A tempestade tropical Nate formou-se no Golfo do México. Nate espera-se que se mova muito lentamente e tem previsão de se tornar um furacão. Neste momento, ainda é muito cedo para determinar se haverá qualquer impacto EUA de Nate.


http://www.weather.com/maps/news/atlstorm15/spec_floater4_large_animated.html


----------



## Norther (8 Set 2011 às 00:59)

http://www.stormpulse.com/tropical-storm-nate-2011


----------



## AnDré (8 Set 2011 às 01:00)

Para já a previsão é que se mantenha praticamente estagnada até ao final da semana.


----------



## Vince (8 Set 2011 às 02:31)

AnDré disse:


> Para já a previsão é que se mantenha praticamente estagnada até ao final da semana.



O pessoal do Texas anseia uma verdadeira tempestade tropical, eles estão desesperados com a maior seca de muitas décadas. venham tempestades ou furacões, eles querem é ver água por lá.


----------



## adiabático (8 Set 2011 às 08:19)

O NHC aposta mais numa trajectória que levaria o Nate para o México, onde provavelmente se dissiparia sobre a região montanhosa, mas de facto os modelos continuam a não convergir:

(*www.stormpulse.com*)







Previsão do *NHC*:







Em todo o caso, mesmo que o centro não atinja o Texas, sempre pode caír alguma precipitação associada ao ciclone.


----------



## stormy (9 Set 2011 às 00:10)

O Nate está a ponto de se tornar furacão, á medida que as condições dinamicas melhoram.

É um sistema algo perigoso...terá muito tempo para se alimentar das aguas quentes do Golfo ( 31-33ºC) á medida que se mantem quase estacionario, ancorado sob um anticiclone de niveis altos que o ajuda a "ventilar"....tais factores podem assisti-lo numa intensificação rapida, o que poderia ser catastrofico para onde quer que ele vá parar.
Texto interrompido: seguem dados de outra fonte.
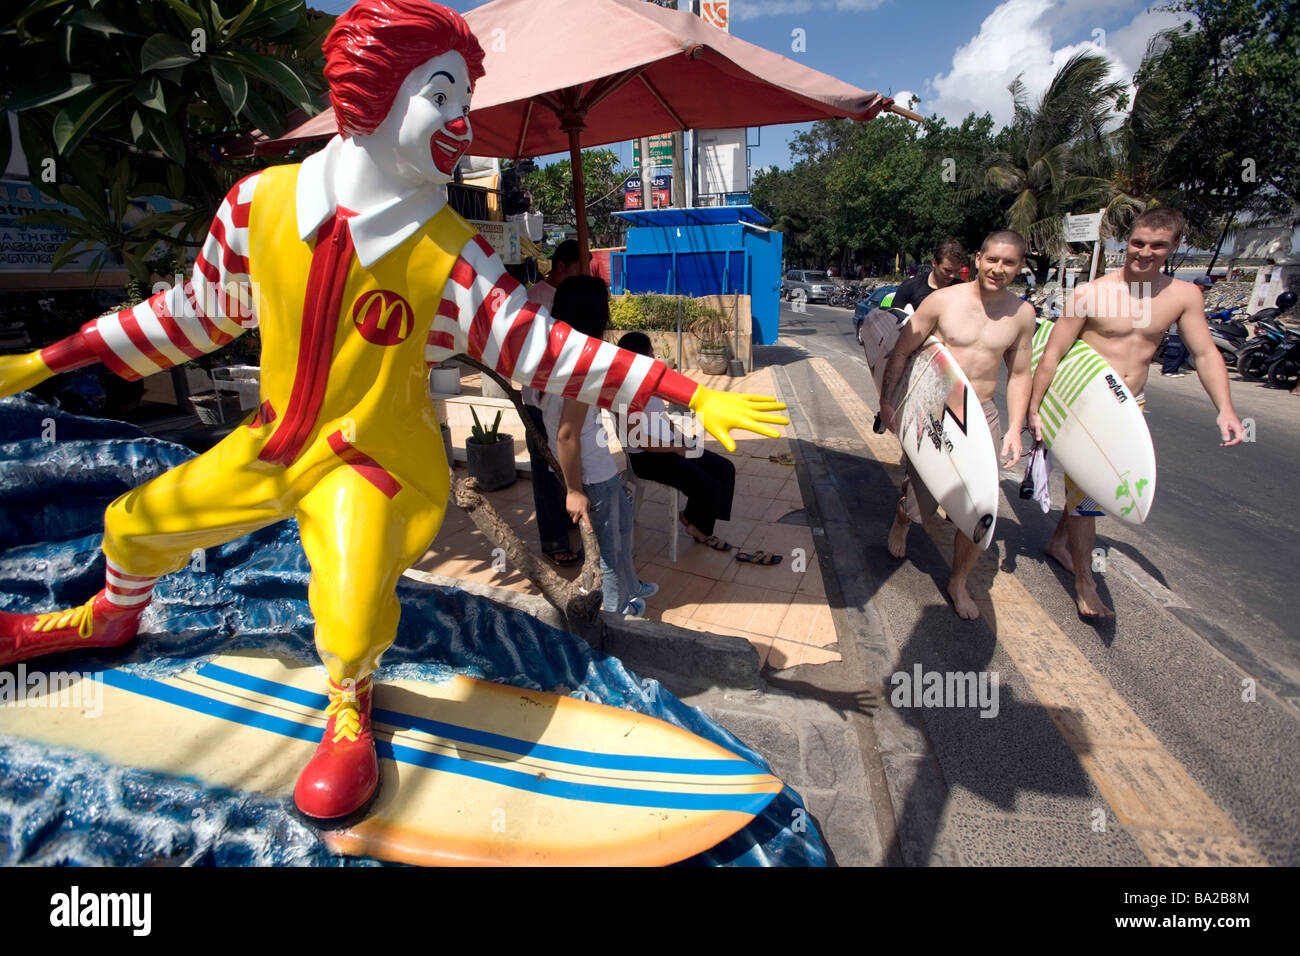 Indonesia, Bali. Kuta. Surfers, McDonalds restaurant, surfing Ronald McDonald statue, surfers. Stock Photo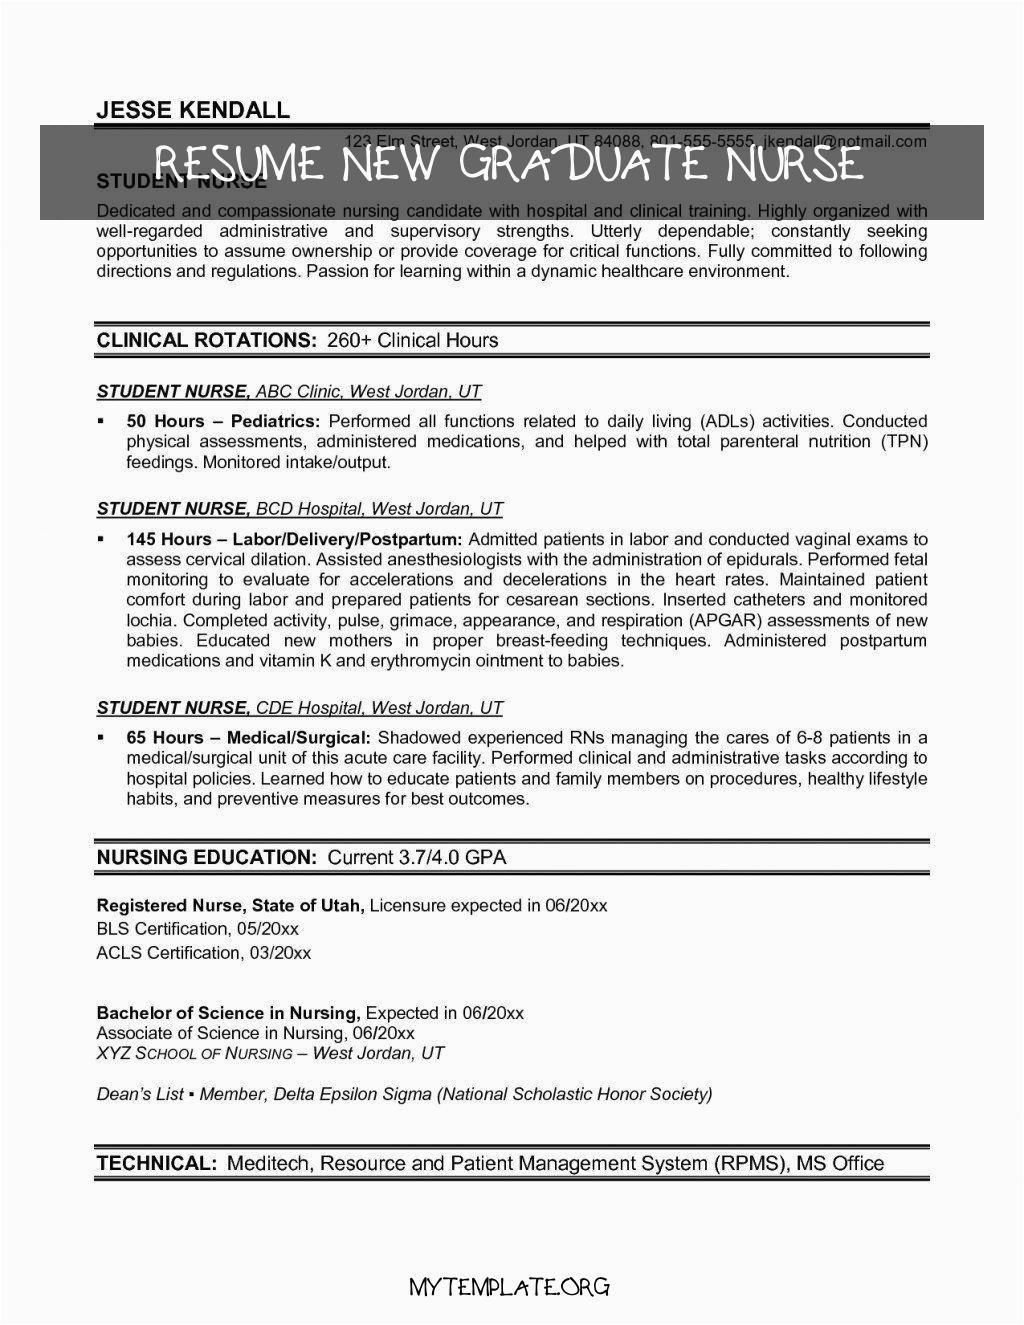 New Grad Registered Nurse Resume Sample Resume New Graduate Nurse New Grad Rn Resume Luxury

O Nate, estando numa região petrolifera, tambem pode vir a afectar os nossos bolsos..pois se houver especulação acerca de um cat3 no golfo e possiveis plataformas em risco, podem crer que o preço do Brent vai subir


----------



## AnDré (9 Set 2011 às 00:27)

Previsões revistas em alta para o NATE.

Como o stormy dizia, esta bem posicionado para dali sair algo perigoso.


----------



## Gerofil (9 Set 2011 às 12:29)

*México em alerta devido à tempestade tropical “Nate”*

A tempestade tropical “Nate”, no sul do Golfo do México levou as autoridades mexicanas a colocarem em alerta seis estados no sul do país. A tempestade tropical, que poderá converter-se esta sexta-feira em furacão de categoria um, na escala Saffir Simpson em que o máximo é cinco, encontra-se a 180 quilómetros a oeste de Campeche, no Golfo do México.
Face à chegada da tempestade, Campeche está em alerta laranja, enquanto que os estados de Tabasco e Yucatán em alerta amarelo (perigo moderado) e Veracruz em alerta verde (prevenção). Para Oaxaca e Quintana Roo foi emitido o alerta azul (informativo), de acordo com o Centro Nacional de Prevenção de Desastres. De acordo com o Serviço Meteorológico do México a tempestade tropical tem-se feito acompanhar por ventos superiores de 110 quilómetros por hora, com rajadas a atingir os 140 quilómetros horários.

Fonte: DESTAK


----------